Hmm, it depends on who you ask. General rule is "as long as you're consistent, either before and after or none at all", but I find the problem with spaces around them is that you have to be real careful with the non-breaking spaces to prevent terrible line breaks
e.g., sometimes the browser will happily take a line break:
"this is some text
— hey look, em-dash
at the start of a line"
 
I am flying on vacation on Thursday, will stay with my parents and grandparents, so will have Internet and probably come online. But from 20th to the 27th will be in the mountain (Will finally do the Koncheto ridge in Pirin, yay!) and not online.
@derobert funny, in Bulgarian an em-dash at the start of the line is speech.
So it doesn't offend my aesthetics at all, although it might confuse me slightly.
 
I've seen that in English too, but the point is, you don't want it for your "interruption" meaning of em-dash
Of course, browsers often don't know they can take the line break after an em-dash, if you don't have a space there, so the no-space style causes browsers issues too (but only really a problem if you want full-justify in a narrow column)

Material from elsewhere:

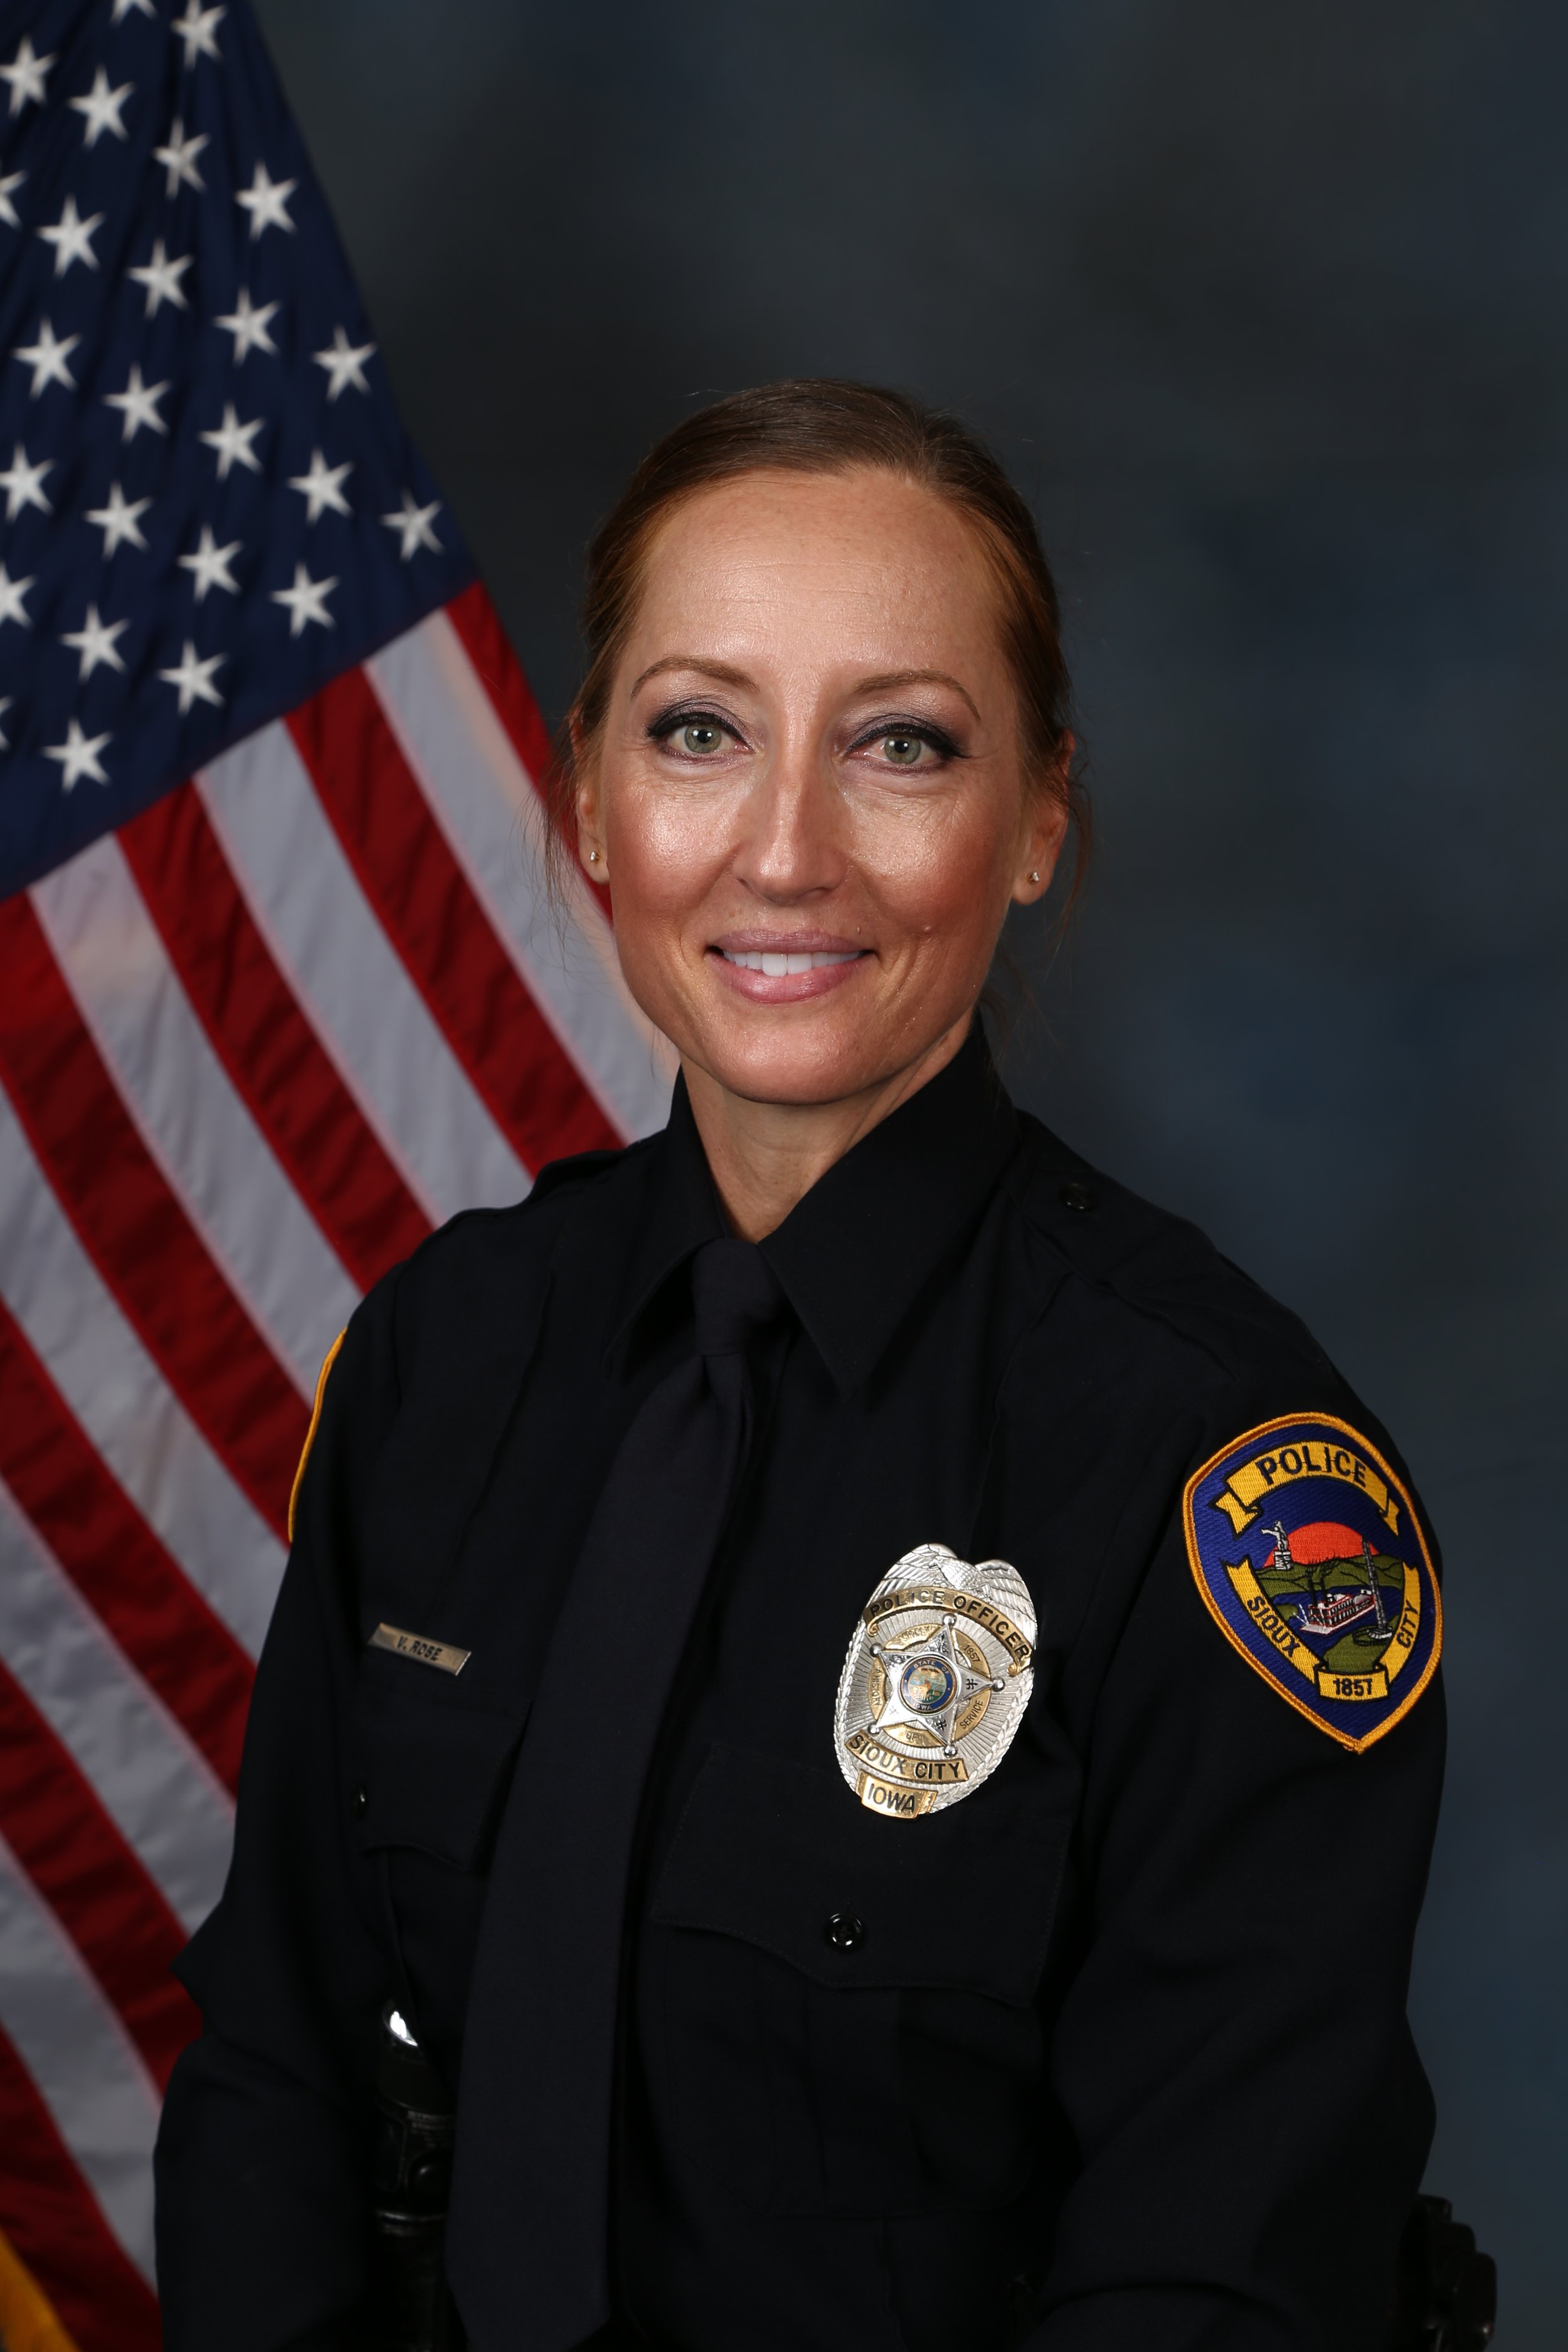 Officer Valerie Rose
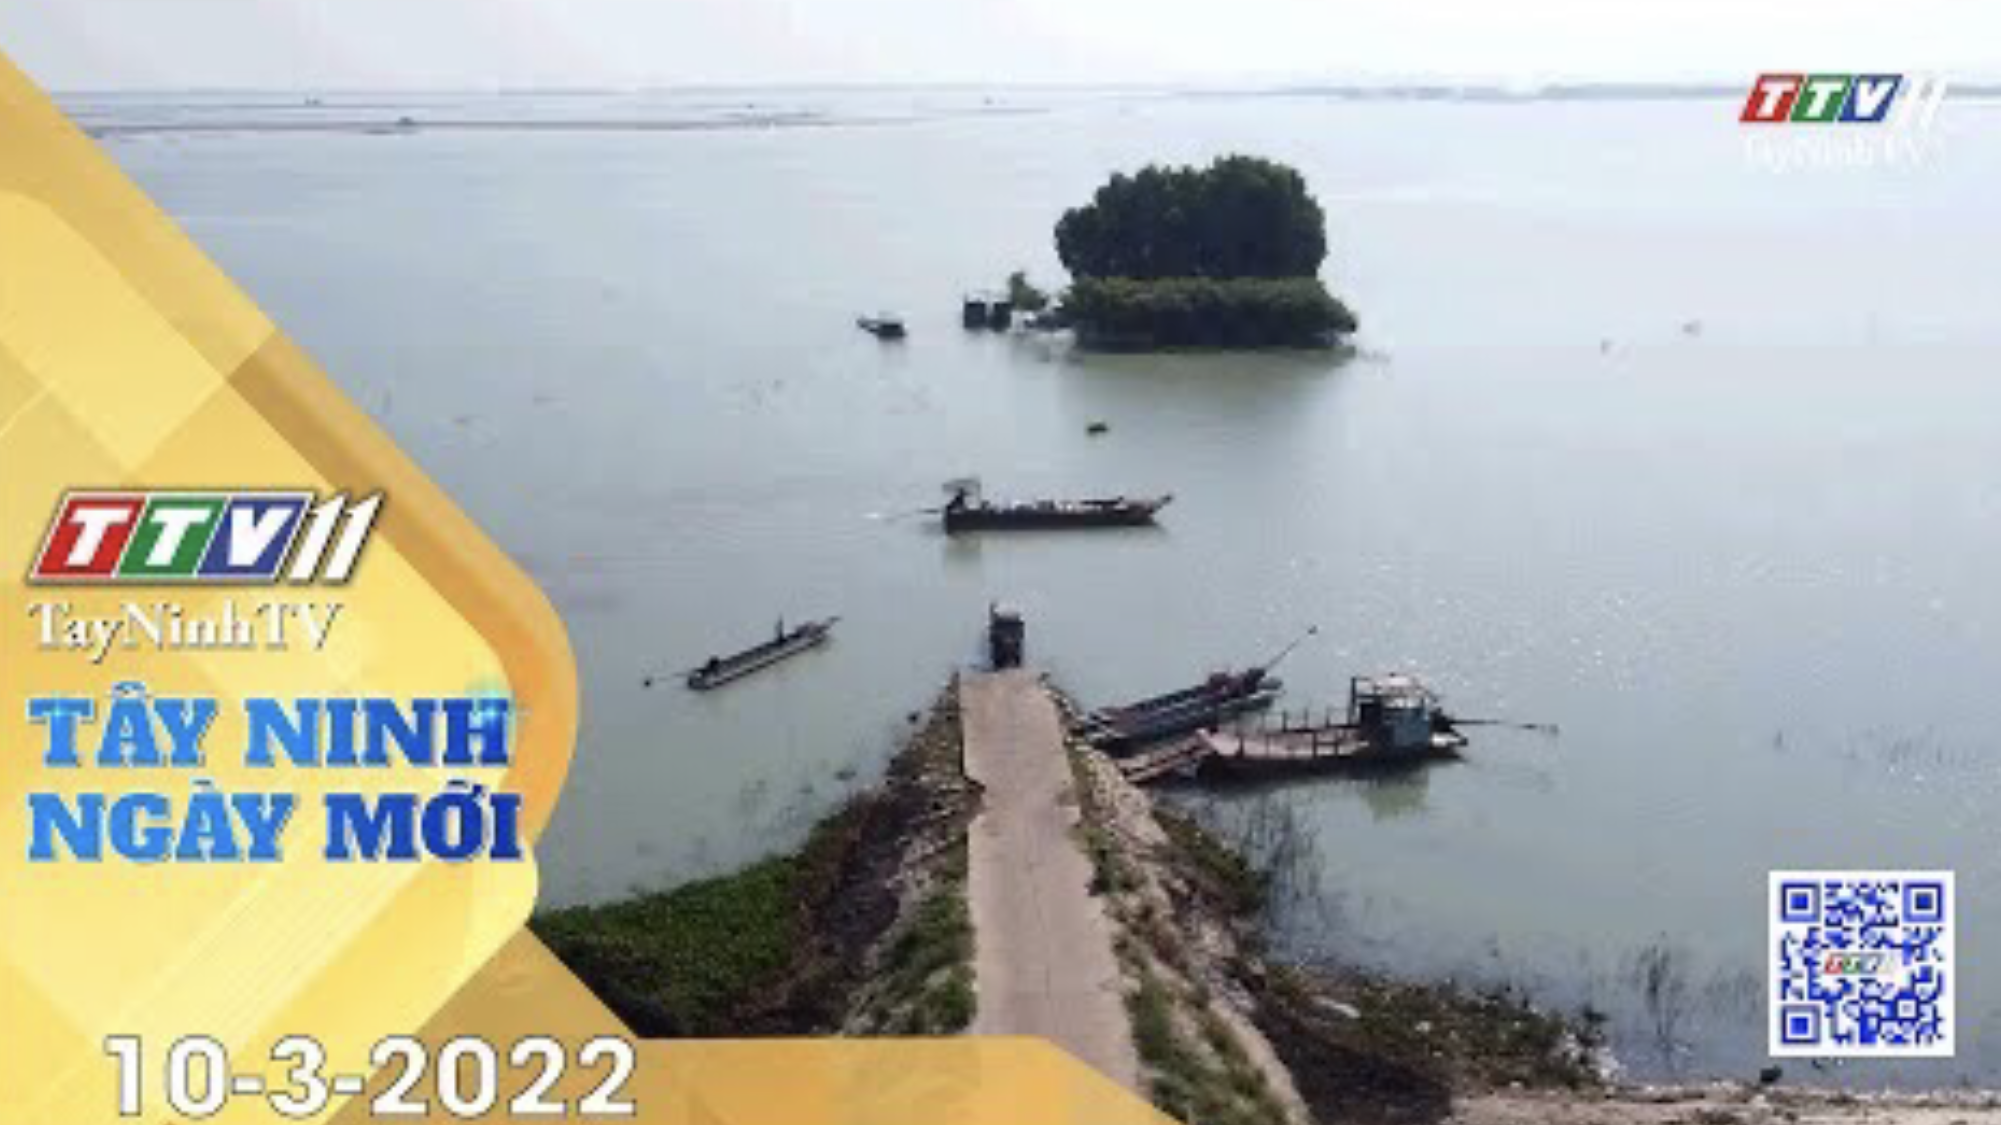 Tây Ninh ngày mới 10-3-2022 | Tin tức hôm nay | TayNinhTV

Mainly, its a case of browsers suck at typography :-P
 
5:35 PM
@derobert I don't know when I will be able to make my next jam post. Probably not as soon as I am back, as I need some time to cook the jams and take the pictures. I fly back on the 8th (a Saturday), will probably have to cook on the 15th-16th and publish on the 19th september. The rotation will probably suffer a bit, but I think there will be enough material.
 
Ok. We'll have to make sure the schedule is sane. I need to do something ASAP, or I'm going to miss my post :-(
 
That stripes idea still sounds good to me, no matter if as a flag or something else.
And/or the "push prefrozen ice creams from a tray into a big casserole of newly-churned ice cream of different color". If you don't have a novelty-shaped ice tray, you could freeze some discs on the bottom of silicone muffin molds.
 
I wonder what to make out of stripes if not a flag. But I still want to try that sometime, so I might do that.
I just need to get on it!
 
A sock?
 
An ice cream sock?
But, how'd you make a puppet out of that?
 
5:41 PM
 
Hmmm, that doesn't look like a puppet. Seems to have a leg inserted into the sock, not a hand.
 
I would just leave it as a striped rectangle. I bet that it will produce very beautiful portions when you scoop across the stripes at a slight bias.
 
I could do that. That's just one step away from the flag (the one step being cut out a rectangle, and fill with blue)
 
It also saves you from the trouble of making blue ice cream. You can do pink cherry ice cream and yellow banana ice cream, for example.
 
Well, the red I was using before is raspberry sherbet... which should go with the vanilla
Of course, if its red and white, it'll look sort of like a candy cane :-P
So maybe mint ice cream is called for. But I don't think that'd go with raspberry. Or any other natural red or pink
 
5:47 PM
Or use green kiwi-mint sorbet somewhere, it looks unusual for ice cream, so a Blickfänger. (Look-catcher?) Use a few drops of mint liqueur for softness and color.
Kiwi-mint goes with strawberry. Actually also with cherry.
 
Never had kiwi-mint before. Interesting.
 
It came in the booklet of my ice cream machine, I tried it and liked it.
 
I'm not sure the rest of the family cares for kiwi, actually. But raspberry and vanilla are safe. And the blueberry ice cream was a hit, so I know that's safe.
But yeah, the main thing is to get the stripes working.
 
Make whatever taste you like best, without a "flag" goal, there are no constraints on the colors, other than sufficient contrast.